Nonetheless, from this point on, the documentation of Islam at the political level is relatively straightforward, and it is possible to chronicle the emergence of states with Islamic rulers. Even though internal records are sparse and their human and cultural dynamics remain in the shadows, at the very least their names are recorded by foreign visitors.
It has been posited that Pasai is the earliest Muslim state in the Malay world and its ruler as the first sultan there. The only evidence of his life comes from his tombstone. It is however striking that his name is eponymous with that of the Ayyubid ruler al-Malik al-Saleh (r. 1240–1249) who restored Jerusalem to Islamic rule in 1244. But Pasai was at least referred to by Marco Polo and Ibn Baṭṭuṭah in the thirteenth and fourteenth centuries. Although the extent of its political authority is not known, it occupied a strategic position at the entrance to the straits of Malacca and was a convenient point for exchanging goods and taking on board supplies of water and firewood. Moreover, by making alliances with either pirates or nascent states on the other side of the straits, it was able to ensure that shipping did not go elsewhere, and that port taxes were paid.
Malacca, on the west coast of the Malay Peninsula, inherited the mantle of Pasai. Far more is known of its history than that of Pasai, from both local and foreign sources. It became Muslim shortly after its foundation around 1400, and via its dependencies, both on the Malay Peninsula, where it established the dynasties of the Malay sultanates, and on the east coast of Sumatra, it served as a conduit for Muslim influence to other parts of the archipelago. Various factors were involved here: local traders from Thailand to the north and the neighboring islands were attracted to its emporium, Muslim traders from Bengal, India, and further afield found scope for business activities opened up in its trading partners and dependencies, and it attracted foreign ʿulamāʾ (religious scholars; sg., ʿālim ), principally from the Indian subcontinent, although many of them may have had Arab blood and used this Arab descent to their advantage. Although Malacca held an important position, however, it was not unique. There were many smaller states that played an analogous role along the littoral of East Sumatra, the north coast of Java, Borneo, Sulawesi (Celebes), and later the Spice Islands (Moluccas) and the southern Philippines. In every case the same kind of processes that were illustrated at Malacca were taking place, perhaps on a smaller scale, perhaps on a larger scale, and they had been happening even before the birth of Malacca. It must be stressed that there is no "big bang" explanation for the coming of Islam to Southeast Asia; such claims as the Portuguese statement that Java was converted from Malacca must be regarded as hyperbole.

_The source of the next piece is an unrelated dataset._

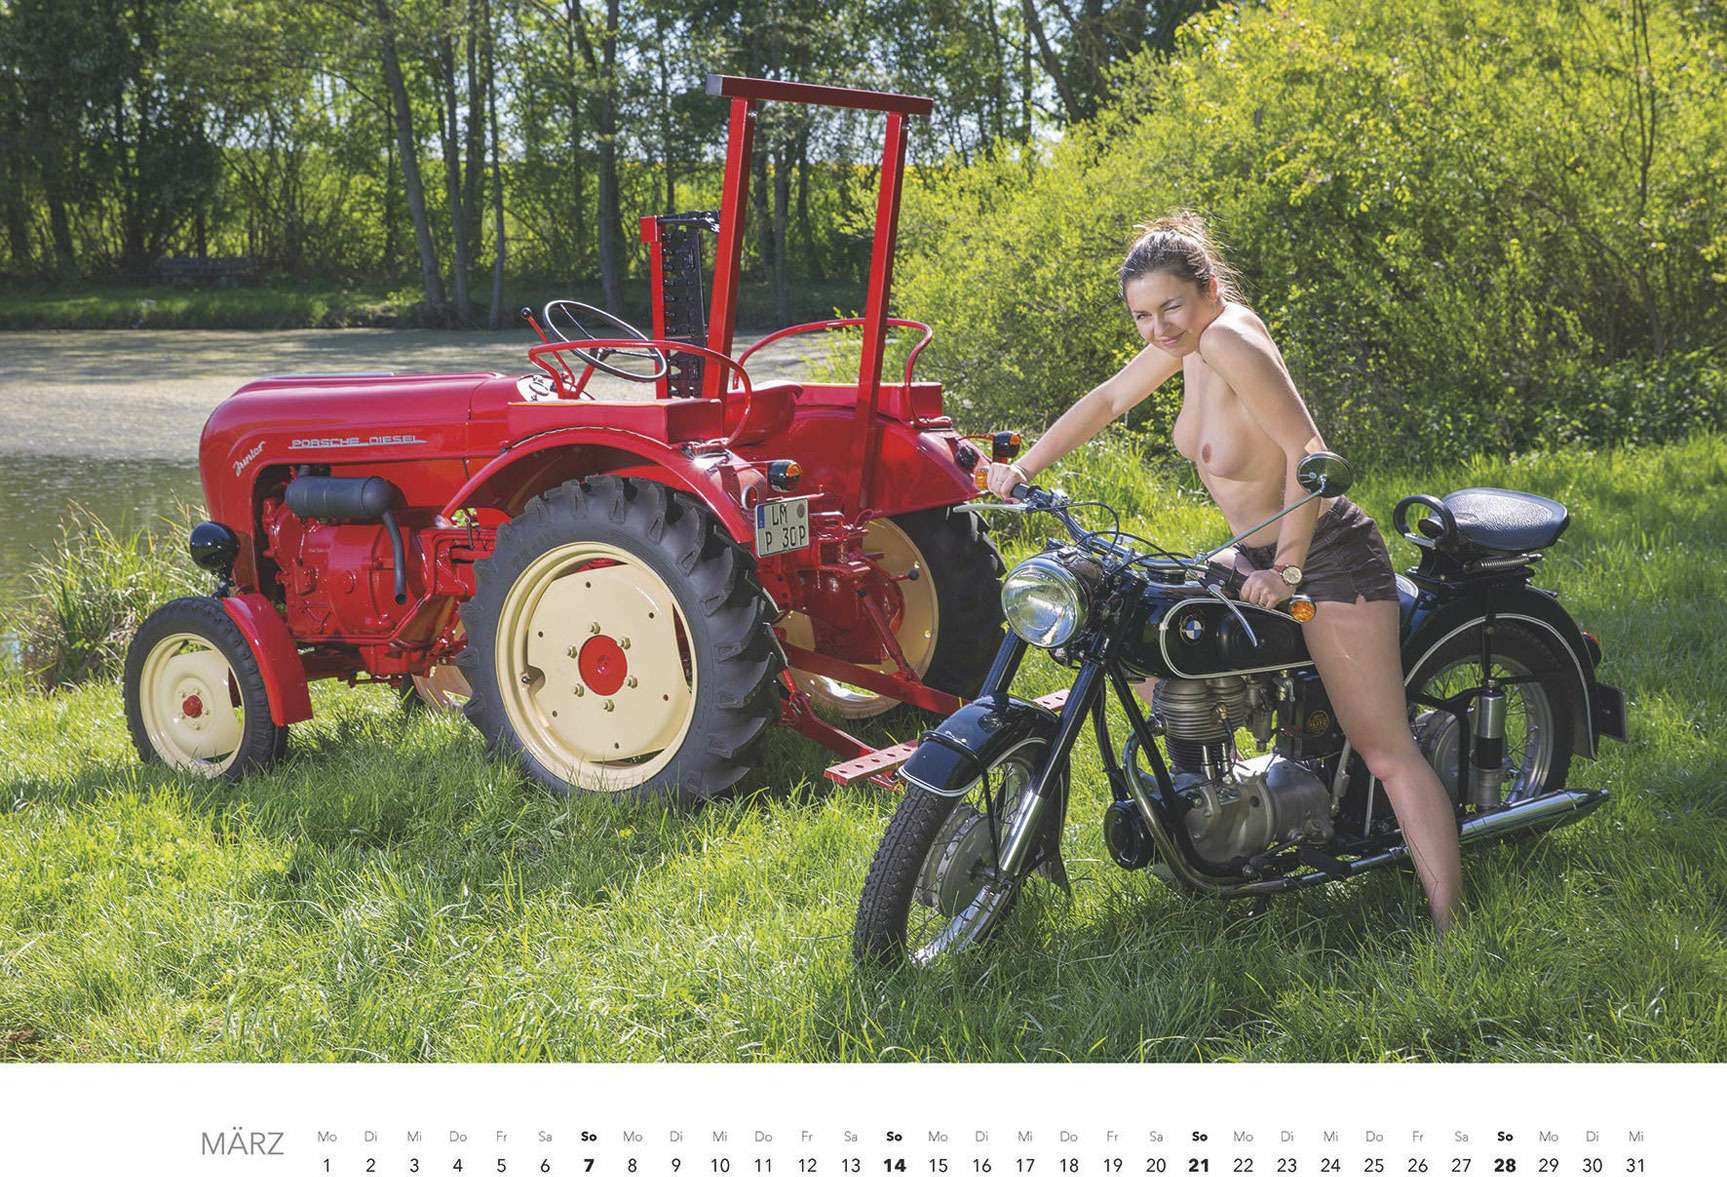 Первый календарь на 2021 год: не очень одетые трактористки (18+) — фото 1196272

After Malacca fell to the Portuguese in 1511, it was such smaller states that were to grow in stature: Aceh, Palembang, Banten, Ceribon, Demak, Surabaya, and Makassar, as well as smaller centers in the Spice Islands and Mindanao. Each of them became integrated into the Muslim trading system, each became a center of Islamic learning, and each, by a continuing process of osmosis, attracted people from the interior into contact with these cities. In every case, networks of family, Ṣūfī order (ṭarīqah), guild, and trade association relationships gradually served to diffuse Islam back into the interior, although it was transmitted at different levels of intensity and perceived in rather different ways according to the cultural backgrounds of the various com-munities.
Special attention should be drawn to Aceh, which first came to prominence in the 1520s and reached its apogee during the reign of Sultan Iskandar Muda (1607–1636). During the first half of the seventeenth century it was the dominant economic and political power of the region. It conquered the northern half of the Malay Peninsula and northern and parts of central Sumatra, gaining control of the pepper areas and enforcing a trading monopoly. Aceh was the first Muslim state in the region to have extended intercourse with Europe, and European dignitaries, including James I of Britain, as well as the Ottoman Empire. It is also noteworthy for a surviving legacy of Islamic learning: for the first time we have historical information about a state in the region generating works of Islamic scholarship that remain accessible to us, some of which are used in schools throughout the Malay world even today. In addition, experts are able to identify individual Acehnese scholars, both in Aceh and in the holy cities of Mecca and Medina, and the teachers with whom they studied. Indeed, one of the great ministers of state between 1600 and 1630, Shams al-Dīn was a noted ʿālim and bore the title Shaikh al-Islam. There are eyewitness reports from British, Dutch, and French sailors on the celebration of the conclusion of the fast of Ramaḍān (ʿĪd al-Fiṭr) and the festival of the sacrifice marking the climax of the pilgrimage rites in Mecca. It is also possible to establish and describe some of the relations between Aceh, the Mughal court, and the Ottoman Empire.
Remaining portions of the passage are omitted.